Comparison of High-dose IL-2 and High-dose IL-2 With Radiation Therapy in Patients With Metastatic Melanoma.

Phase 2

Active, not recruiting

Interventions: Drug: High-dose IL-2
Other: Radiation therapy and high-dose IL-2

Brief Summary: The purpose of this study is compare the response rates in patients with metastatic melanoma treated with high-dose IL-2 to patients treated with high-dose IL-2 along with radiation therapy.

Detailed Description: All patients will receive high-dose IL-2. Half the patients enrolled will be randomly selected to receive radiation therapy to up to three tumors prior to receiving high-dose IL-2. Among the first 20 patients enrolled, those assigned to receive radiation will receive a single dose of radiation and for patients 21-44, those assigned to receive radiation will receive 2 doses of radiation.

Recruitment & Eligibility

Inclusion Criteria

Histological confirmation of melanoma will be required by previous biopsy or cytology.
Patients must be ≥ 18 years of age.
Patients must have tumors amenable to SBRT in lungs, mediastinum, chest wall, bones (other than long bones), or liver (inclusive of immediately adjacent masses), 1 - 3 foci; no minimum size, but none greater than 7 cm.

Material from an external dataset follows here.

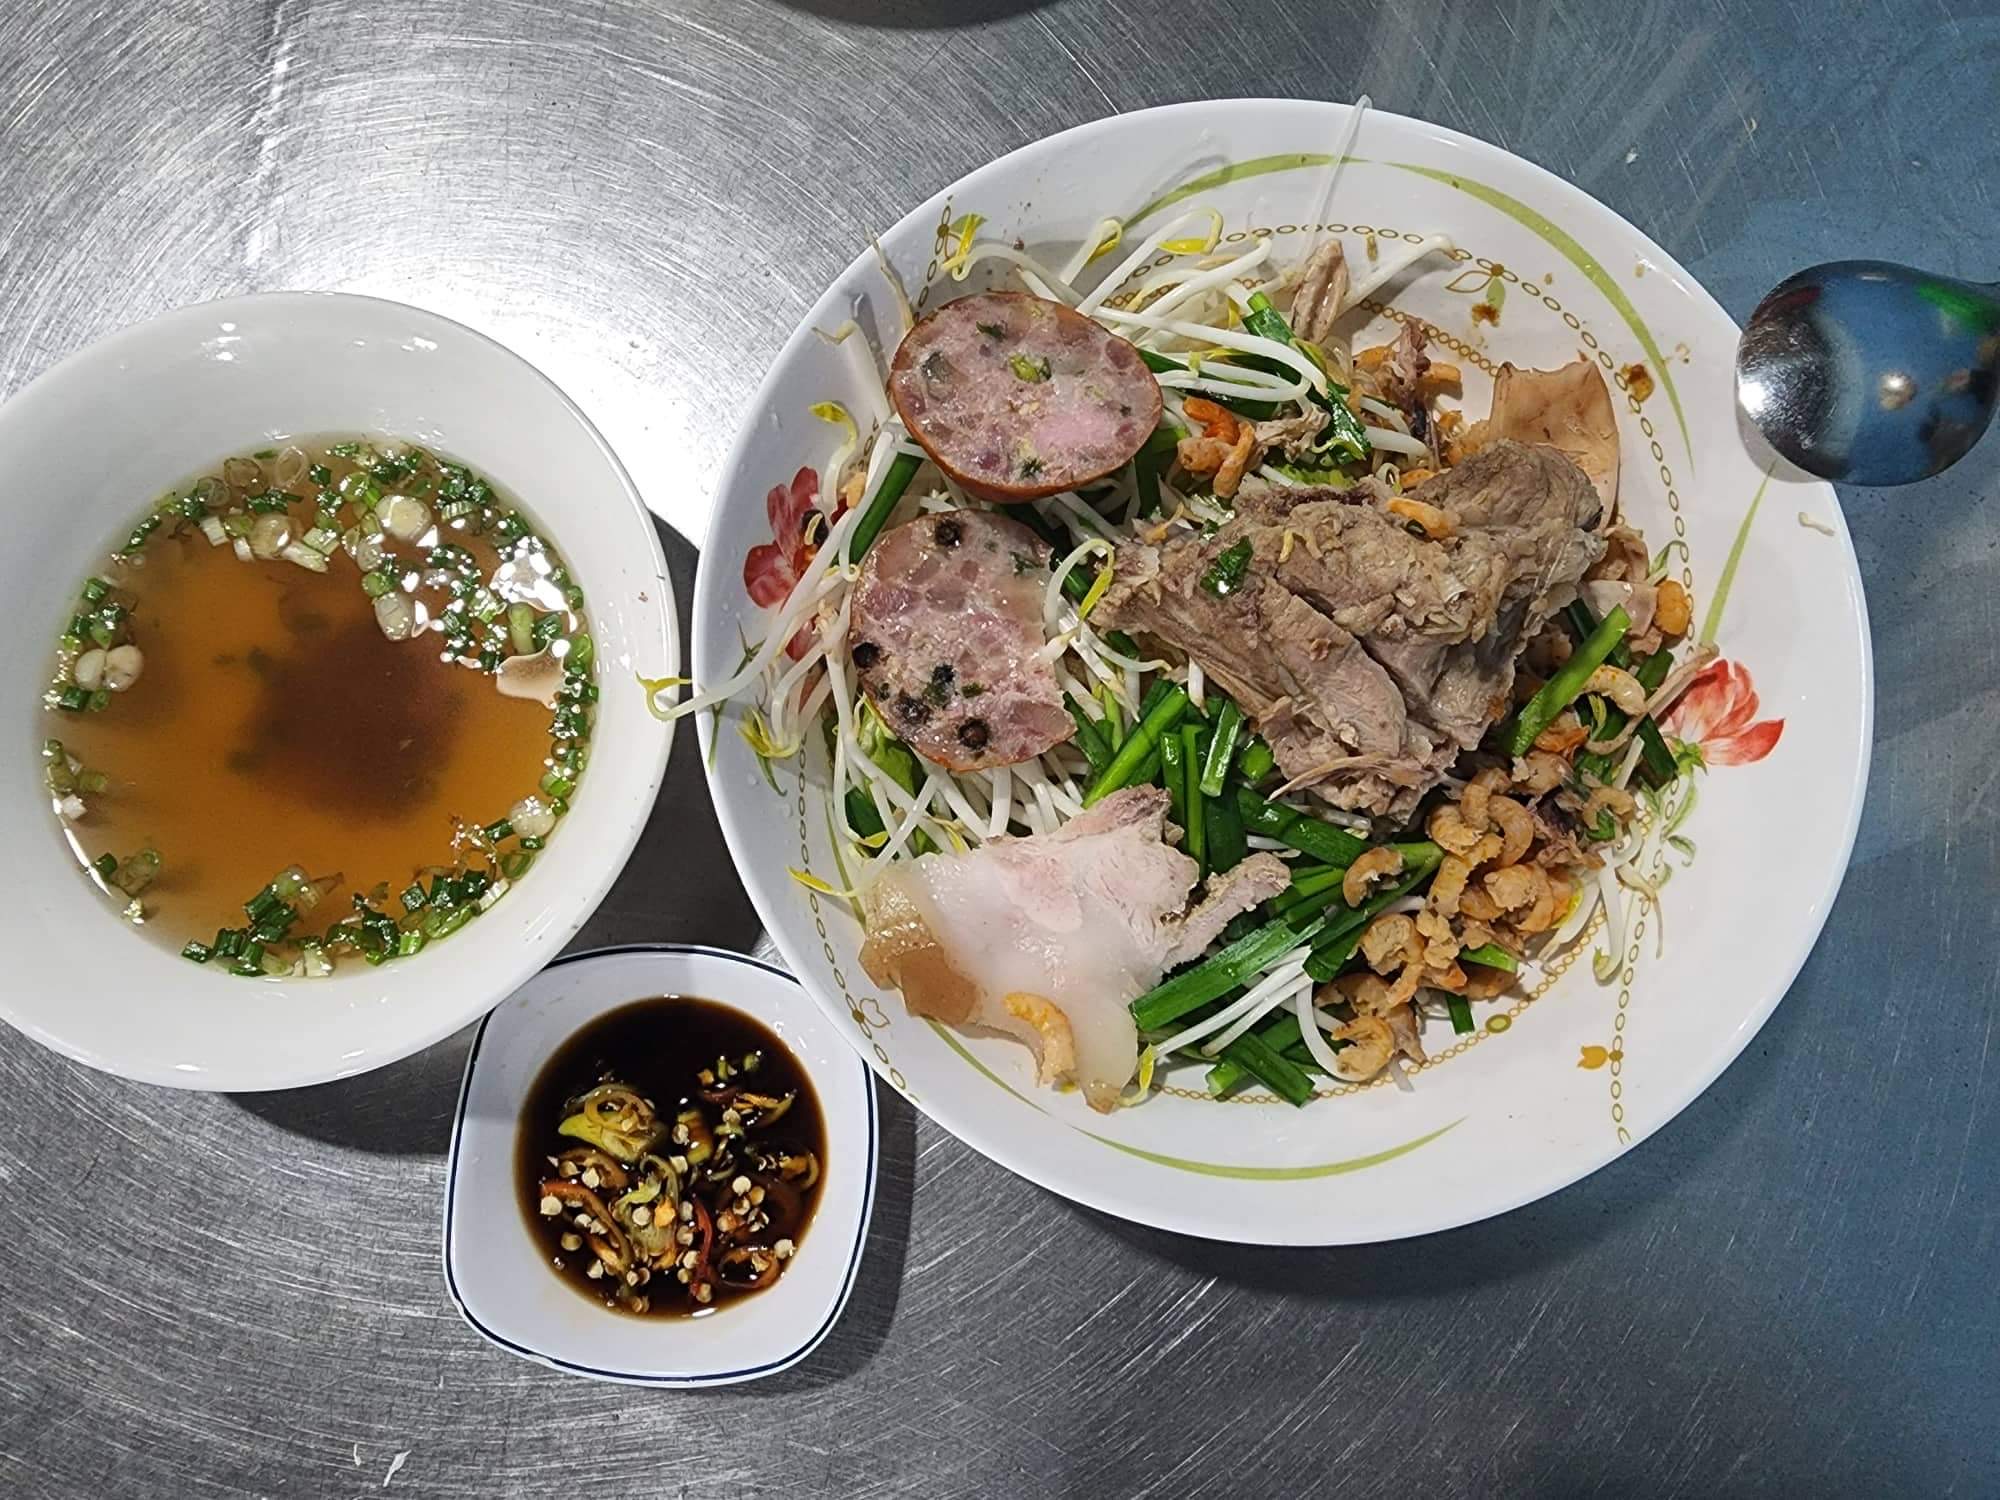 A bowl of 'hu tieu kho' (noodles served separately with broth) at a stall in My Tho City, Tien Giang Province, Vietnam. Photo: Son Lam / Tuoi Tre News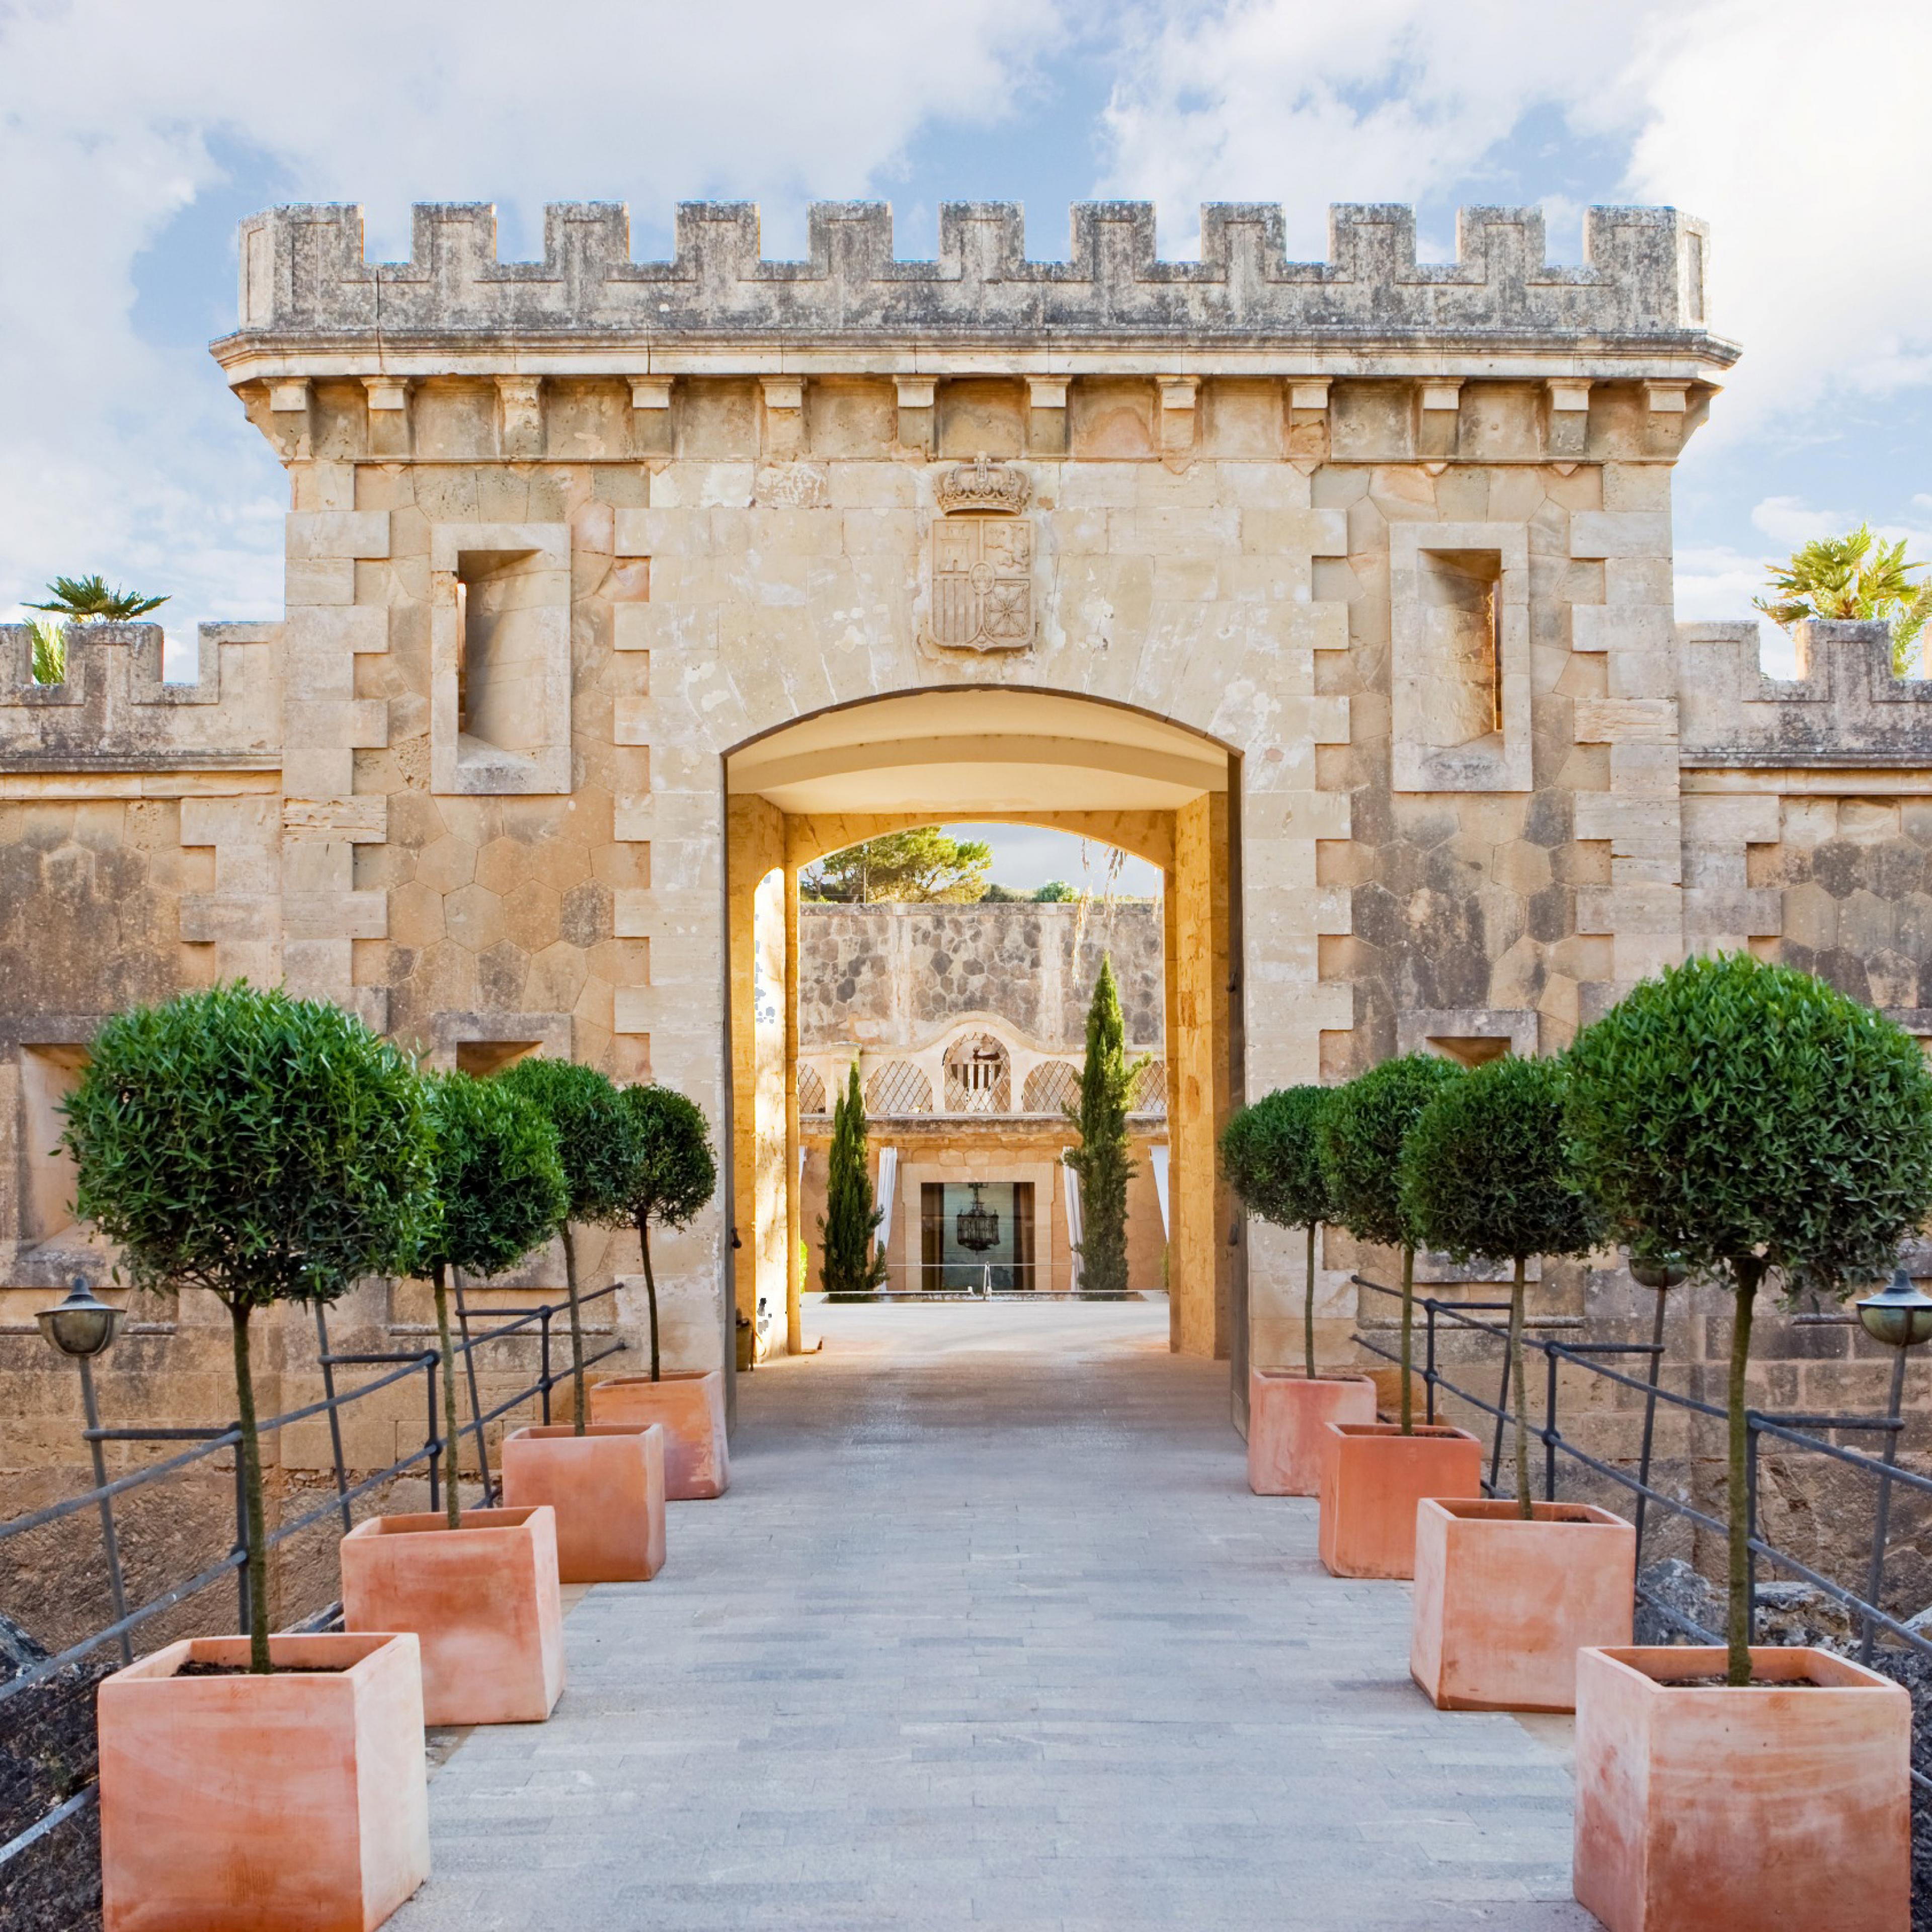 view of historic medieval fort entrance made of peachy colored stone with potted plants in front of entrance

Patients may have other metastases but only a maximum of 3 will be treated.
ECOG performance status of 0-1.
Women of childbearing potential must have a serum or urine pregnancy test performed within 72 hours prior to the start of protocol treatment. The results of this test must be negative in order for the patient to be eligible. In addition, women of childbearing potential as well as male patients must agree to take appropriate precautions to avoid pregnancy.
Patients must sign a study-specific consent form.

Exclusion Criteria

No metastatic site amenable to SBRT.
Patients with brain metastases not candidates for radiosurgery.
Previous radiation to sites proposed for radiation as part of this study.
Patients with active systemic, pulmonary, or pericardial infection.
Pregnant or lactating women.
Evidence of ischemia on exercise tolerance test, stress thallium study, or baseline EKG.
DLCO, FEV1 or FEV1/FVC less than 70% of predicted due to clinically significant underlying pulmonary disease. For any pulmonary function test values less than predicted values, the PI will review, and document the patient's suitability for high dose IL-2 therapy.
WBC < 3.0 x 109/L
Hgb < 9.0 g/dL
AST/ALT > 3 times the upper limit of the normal range
total bilirubin > 1.9 g/dL
creatinine > 1.9 g/dL
Patient requires chronic steroids.

Arm && Interventions

Group	Intervention	Description
Arm A: IL-2 Monotherapy	High-dose IL-2	Patients receive standard high-dose IL-2 therapy, with an opportunity to crossover to the experimental arm if there is disease progression noted after two cycles of high-dose IL-2. Crossover patients will be included in Arm A.
Arm B: SBRT + IL-2	Radiation therapy and high-dose IL-2	Patients will receive two doses of radiation before receiving high-dose IL-2.

Primary Outcome Measures

Name	Time	Method
Best Overall Tumor Response of High Dose IL-2 vs. SBRT + High Dose IL-2	At the end of Cycle 2 (Week 14).	Determine the best overall tumor response rate of high dose IL-2 versus SBRT + high-dose IL-2 using RECIST v1.1 assessed by CT/MRI, criteria applied to all target and non-target lesions with the exclusion of sites treated with SBRT. For patients who have SBRT after progression on IL-2 monotherapy, the response rate will be recorded, but not counted as a response for the primary objective. Overall response rate (ORR) includes all measurable and non-measurable target lesions except the lesions treated by SBRT, which were assessed separately. Both CT and positron emission tomography imaging were employed to assess response. Complete Response: disappearance of all target/non-target lesions and no abnormalities on PET; Partial Response: ≥30% decrease in sum of longest diameter (LD) of target lesions; Progressive Disease: ≥20% increase in sum of LD recorded since tx start or appearance of ≥1 new lesions; Stable Disease: Neither qualifying for PR nor PD since tx started.

Secondary Outcome Measures

Name	Time	Method
Response Rate in Crossover Patients	7 weeks following Cycle 2 (Week 21).	Measure the response rate of patients who have disease progression after the first IL-2 cycles (using RECIST criteria) who received SBRT prior to cycle 3 of IL-2.